Читать книгу Surprisingly Down to Earth, and Very Funny - Limmy - Страница 15
Fun House
ОглавлениеI’ll tell you something else that took me years to get out of my head. In fact, I’m not sure that it totally is out of my head. It’s just a wee thing.
Every year, the shows would come to Carnwadric. You might call the shows ‘the funfair’, but we called it the shows. I used to go there myself, because it wasn’t that far from my house. My mum or dad never went there, not in all the years it came. I’d go myself and bump into folk from my school, play some games and go wandering about.
I once went into this thing called the Fun House, or something like that. It was about the size of a big portacabin. You’d go in a door at the front, and inside was like a scary soft play, a wee mini maze in the dark, twists and turns, then you come out the other end.
I went in by myself, and there were these other weans in front of me, making their way through it. Halfway through, there was a wee window that let you see outside. A wee boy in front of me waved out the window, and I looked to see who was there. There were people waving back and smiling.
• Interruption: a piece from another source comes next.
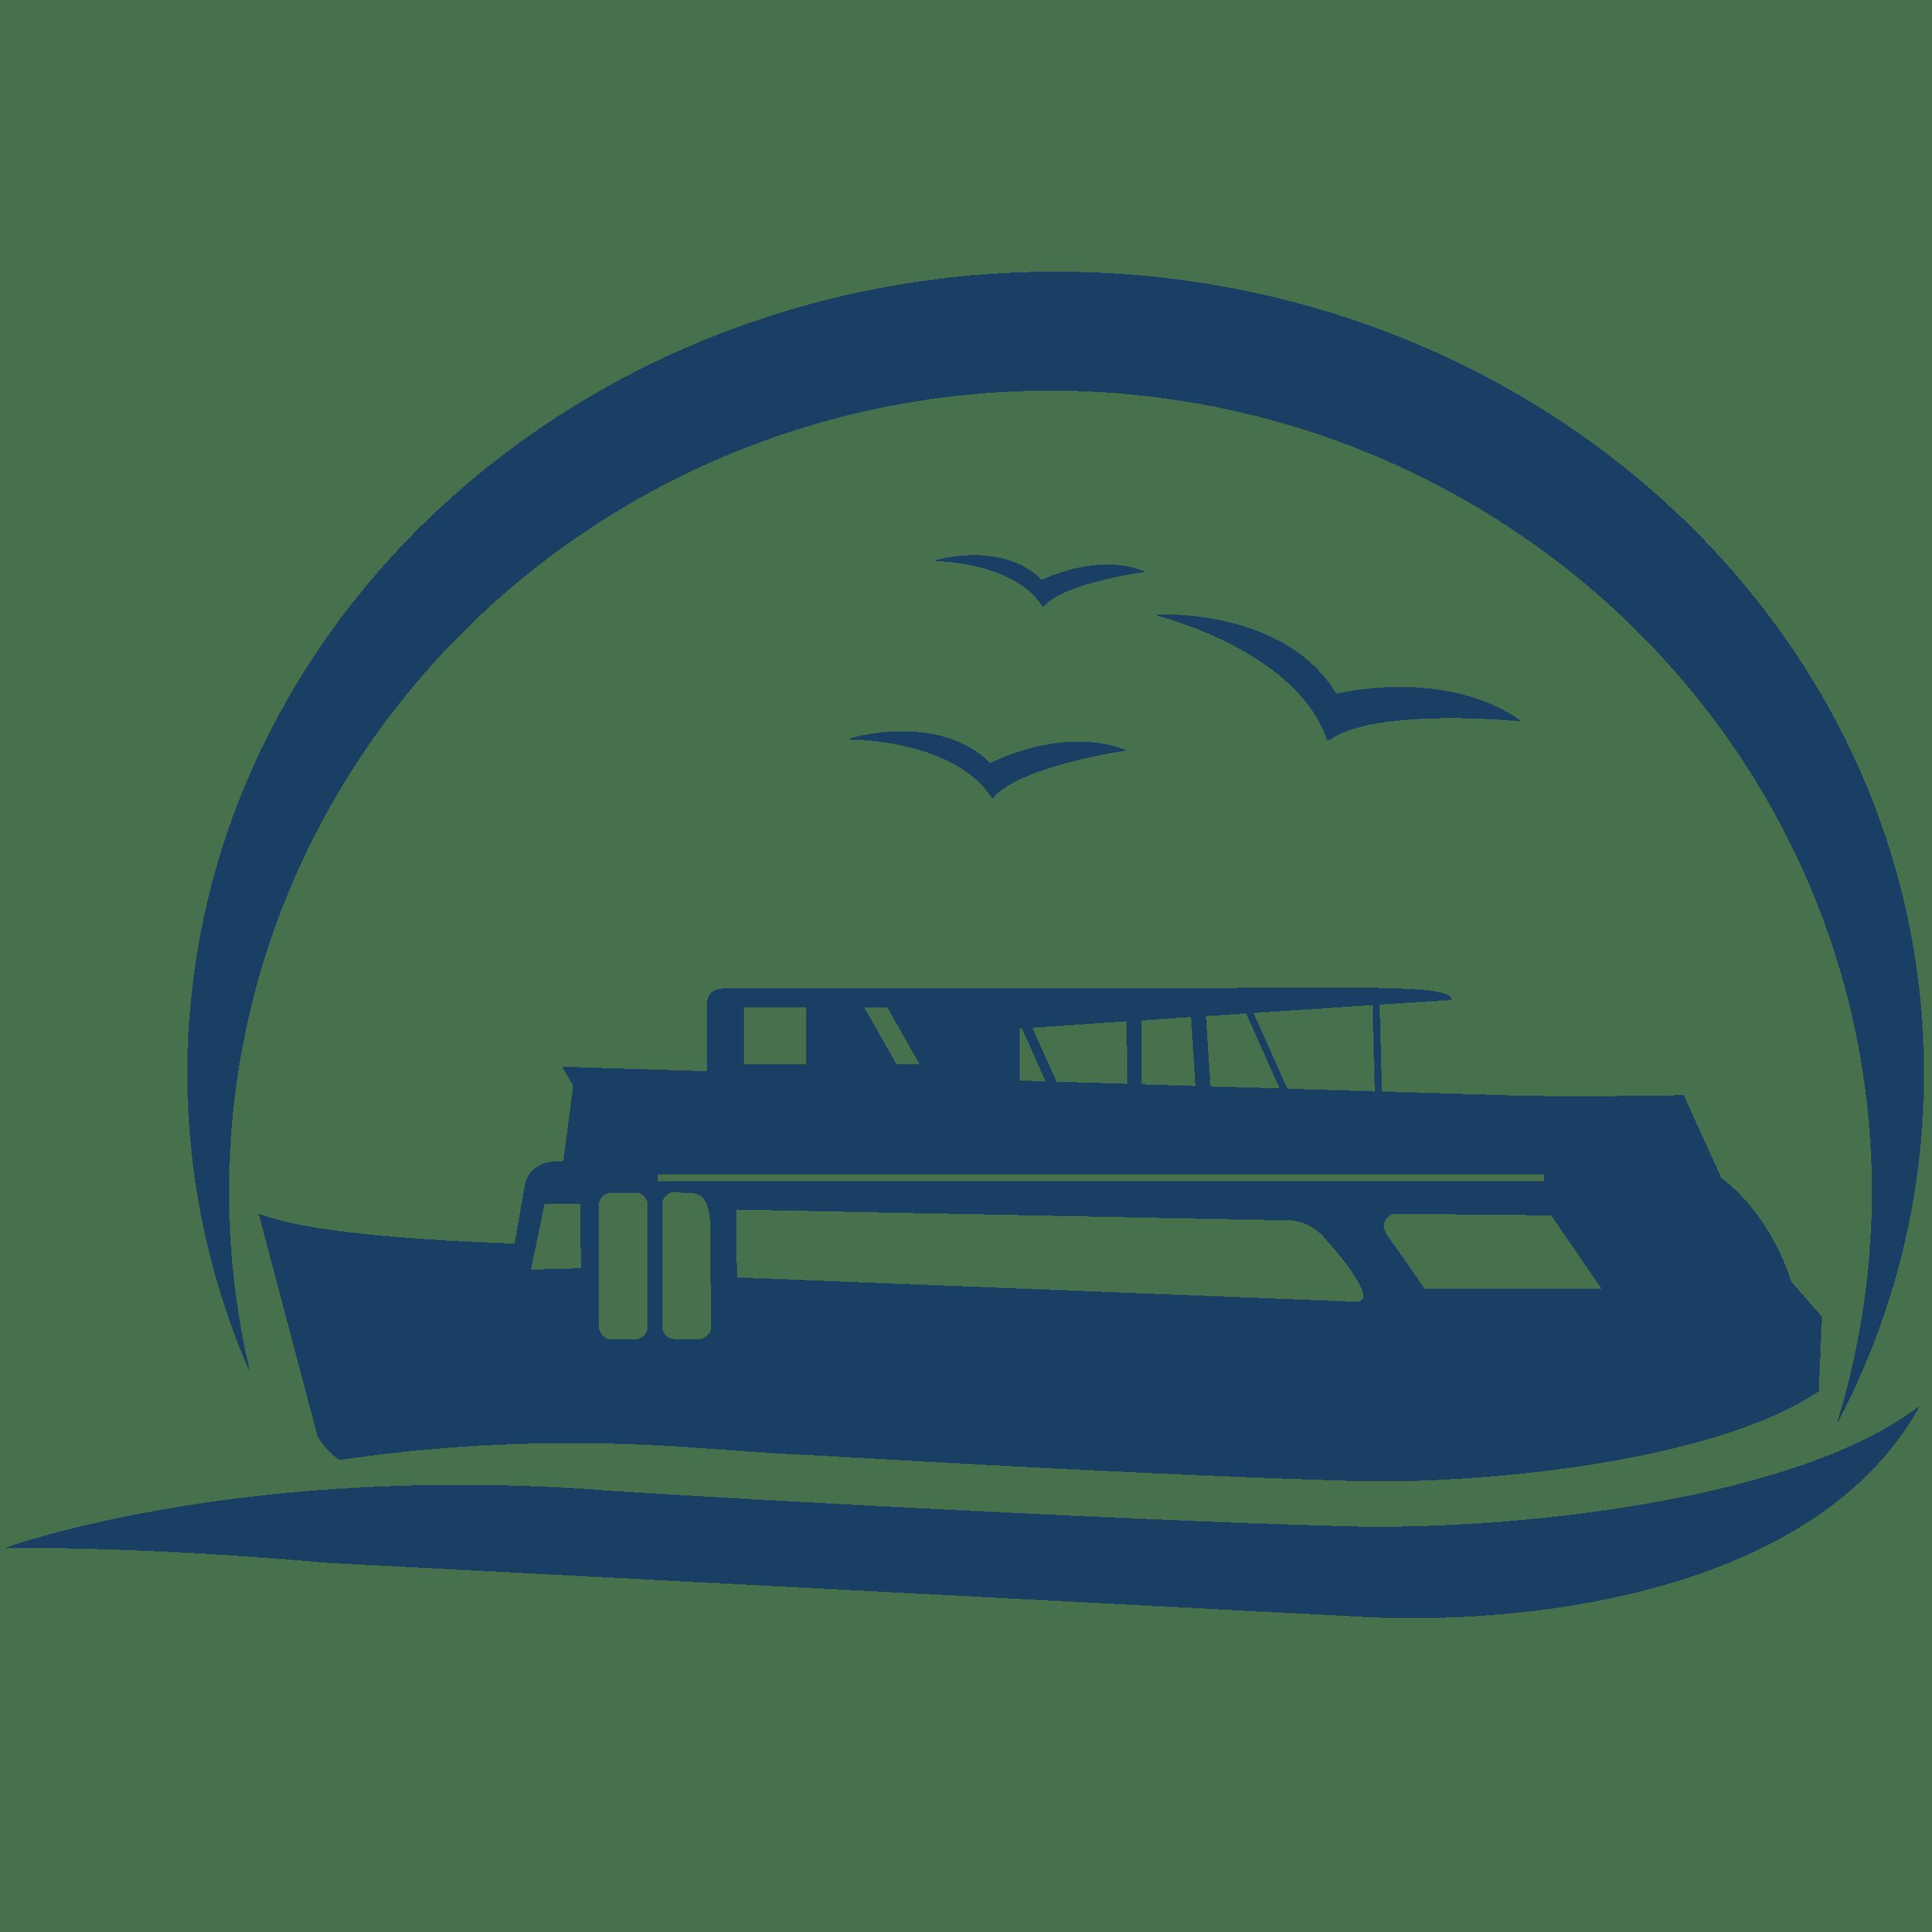 Cruise water vehicle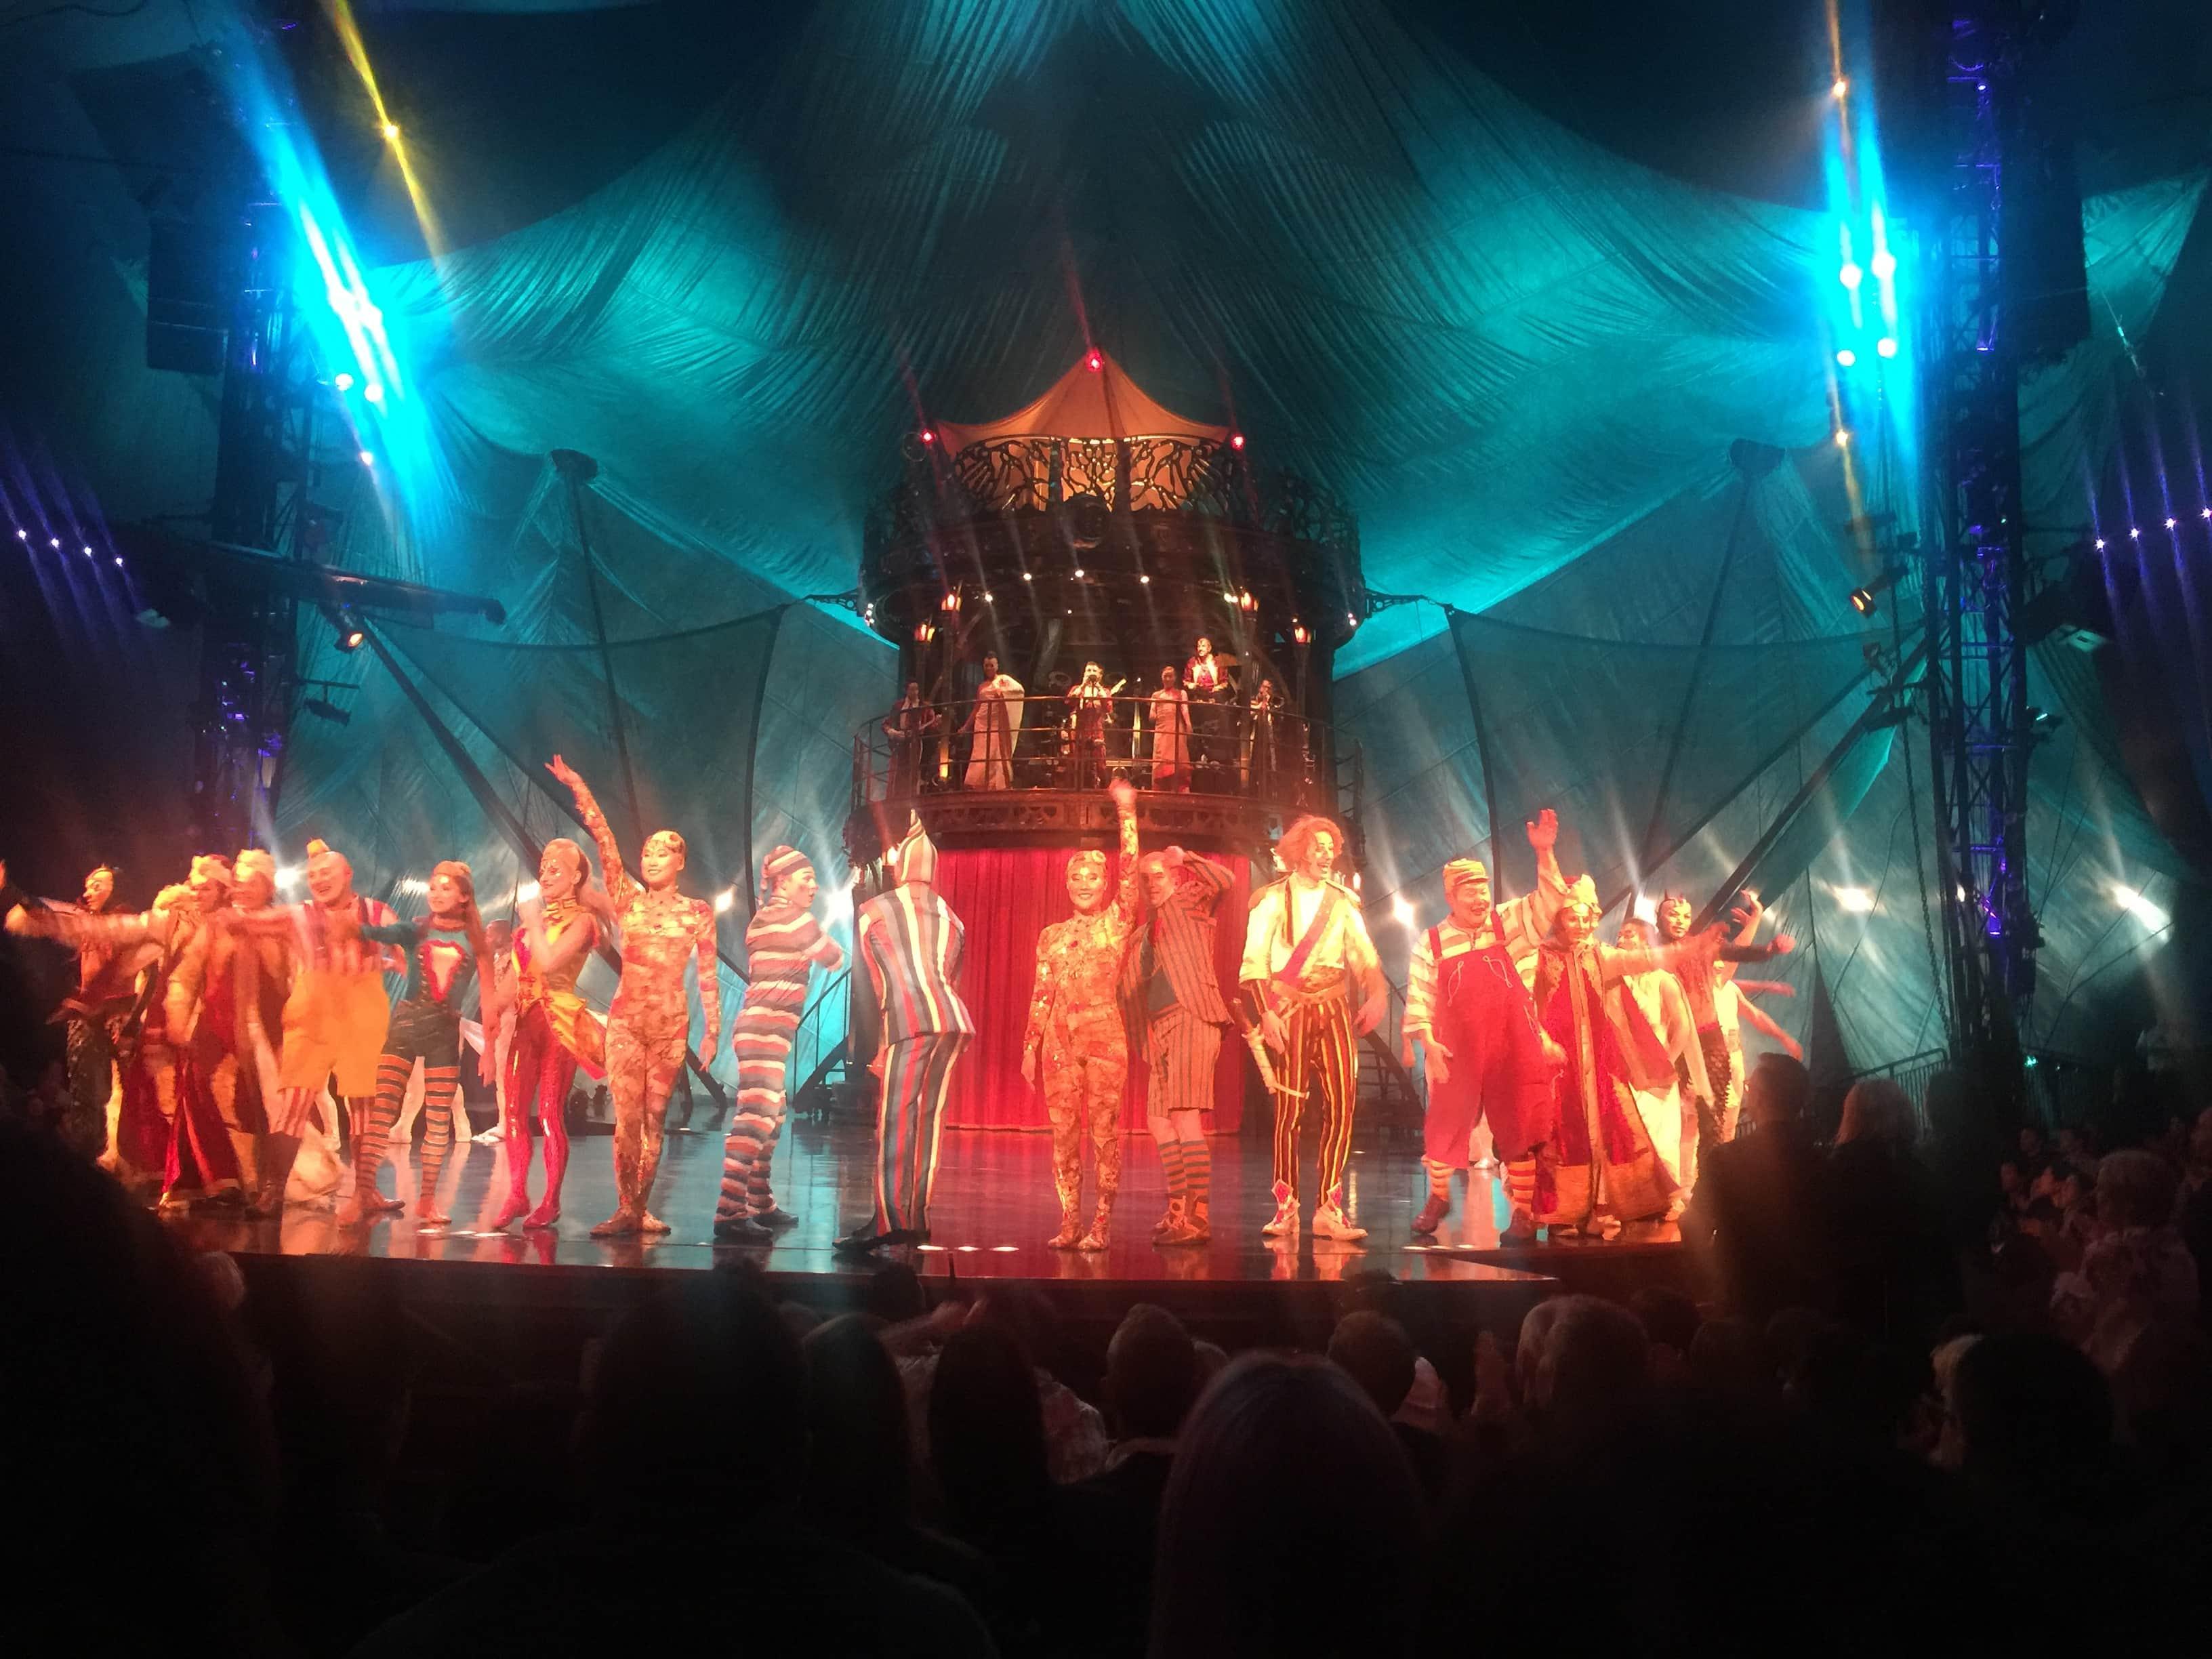 Kooza-cirque-du-soleil-review-6

Then another wean got to the window and waved out. People smiled and waved back, and the wean was all happy. I was happy as well. It looked good.
I got to the window and waved. I smiled and waved.
Nobody waved back.
These people outside who were smiling and waving at two separate weans in front of me, they didn’t do it for me. They didn’t even smile. In fact, their smile dropped. And I didn’t know why.
I got it into my head that there was something about me. Something about how I looked or how I acted or who I was, or just something you couldn’t put your finger on. It just felt like people didn’t like me, for reasons that were out of my control.
That stuck with me for years. A self-conscious inferiority thing. A feeling that I was a bit of a freak, as well as a strong desire to overcome it. I wouldn’t be surprised if it has shaped about half of my personality.
It was only fairly recently that I realised why they didn’t wave.
They were the parents of the weans that were waving.
They were smiling and waving at their weans, then they saw me, and they stopped waving and smiling, because they didn’t know me. They probably thought my mum and dad were standing behind them and that’s who I was waving to.
It’s like when I’m waving at my son when he goes into primary school every morning. You see a few weans nearby who are smiling and waving in your direction, but you don’t smile and wave back to them, because you’re pretty sure they’re waving to one of the dozens of other parents around you.
But I sometimes do, though. I do sometimes wave at the other weans. If I’m waving at my son, then he stops waving back and looks away, but then another wean nearby starts waving in my direction, I don’t stop waving. Even though my son has looked away, there might be a chance this other wean is waving at me, thinking I was smiling and waving at them. So I keep it going for another few seconds – just in case.
I know, I’m probably overthinking things. Most weans don’t give that sort of thing a second thought. But there will be some that do, the ones like me. And if you’re like me, that sort of stuff sticks with you. You end up spending the next few decades doing all sorts of things to get people to smile and wave at you, d’you know what I mean?